**** Available data

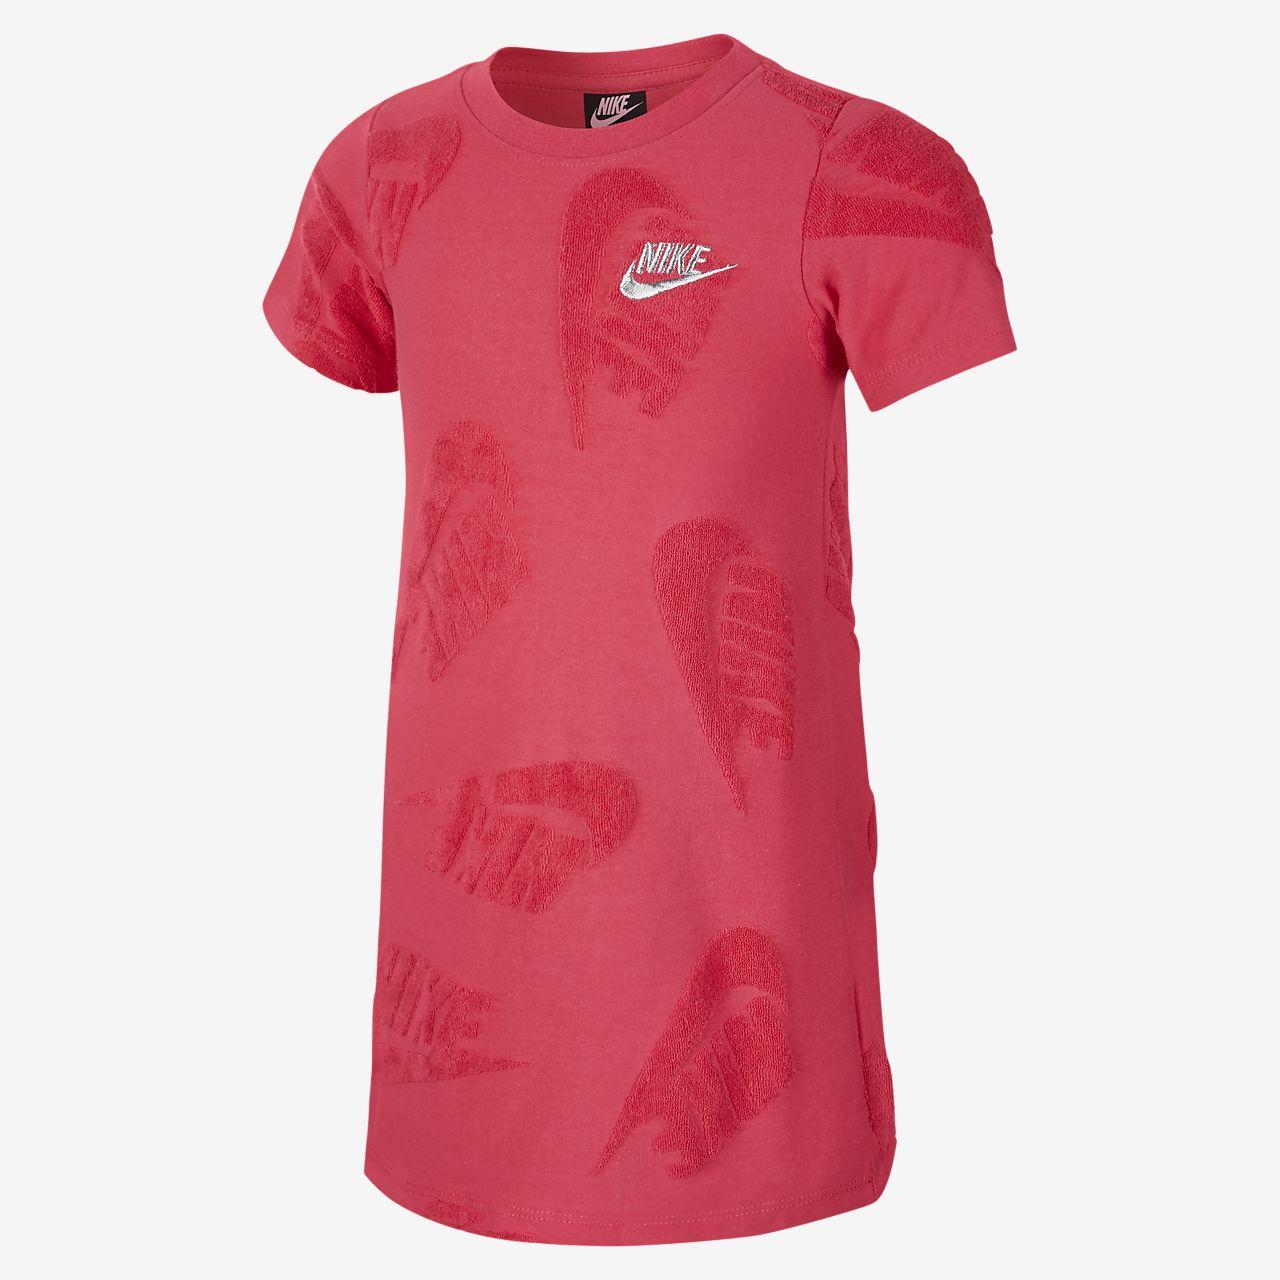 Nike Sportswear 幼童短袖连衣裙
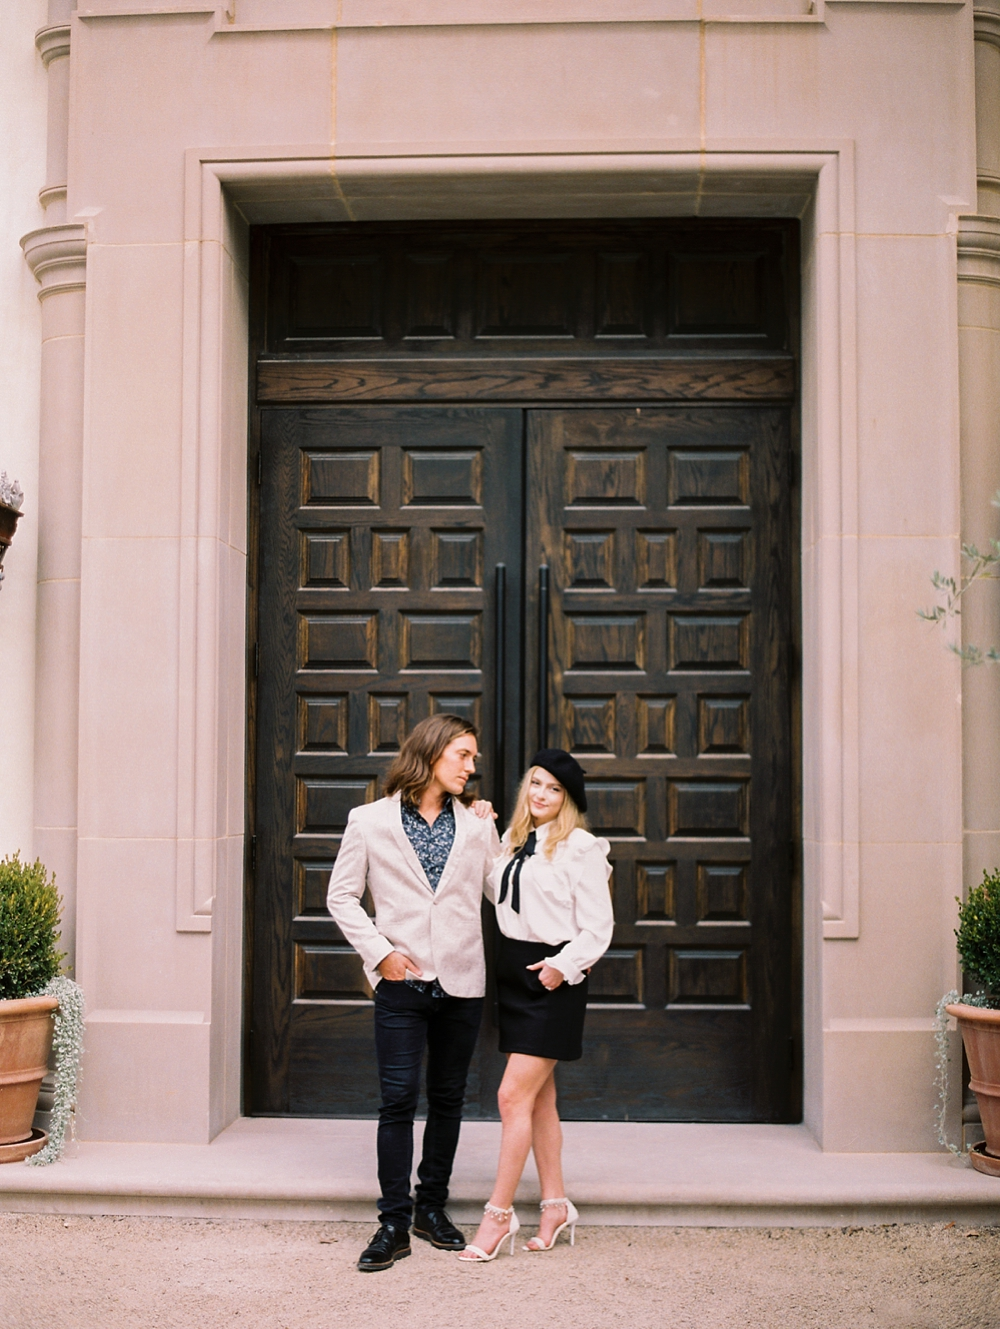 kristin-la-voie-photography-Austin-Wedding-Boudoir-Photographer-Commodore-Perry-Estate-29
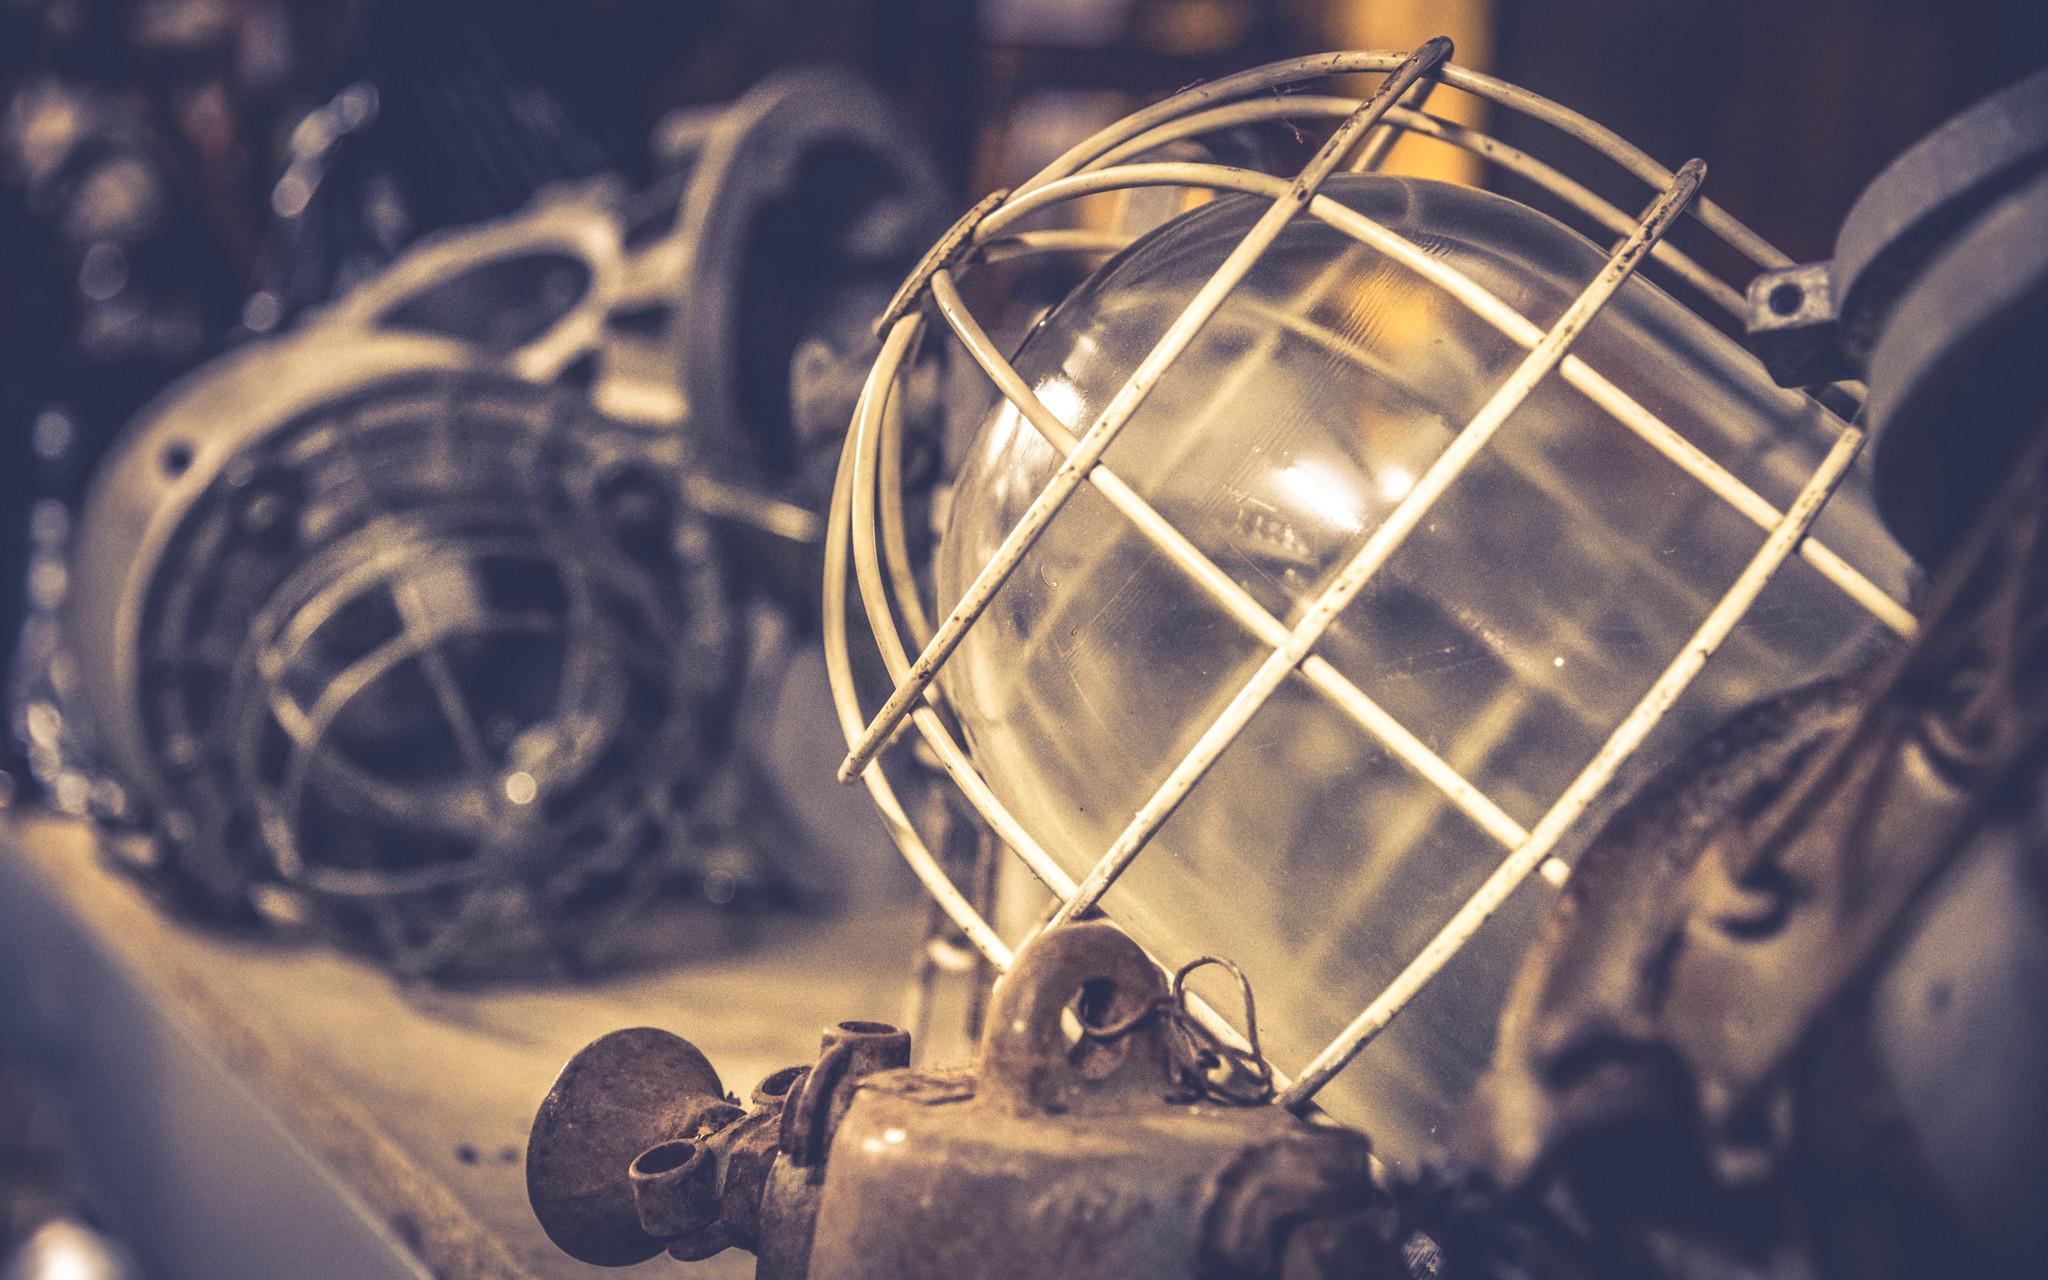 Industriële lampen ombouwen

********

**Work instructions**
Every line of the listing above is to be set down verbatim, without the pictures.

**Exercise response**
 Nike Sportswear 幼童短袖连衣裙
 kristin-la-voie-photography-Austin-Wedding-Boudoir-Photographer-Commodore-Perry-Estate-29
 Industriële lampen ombouwen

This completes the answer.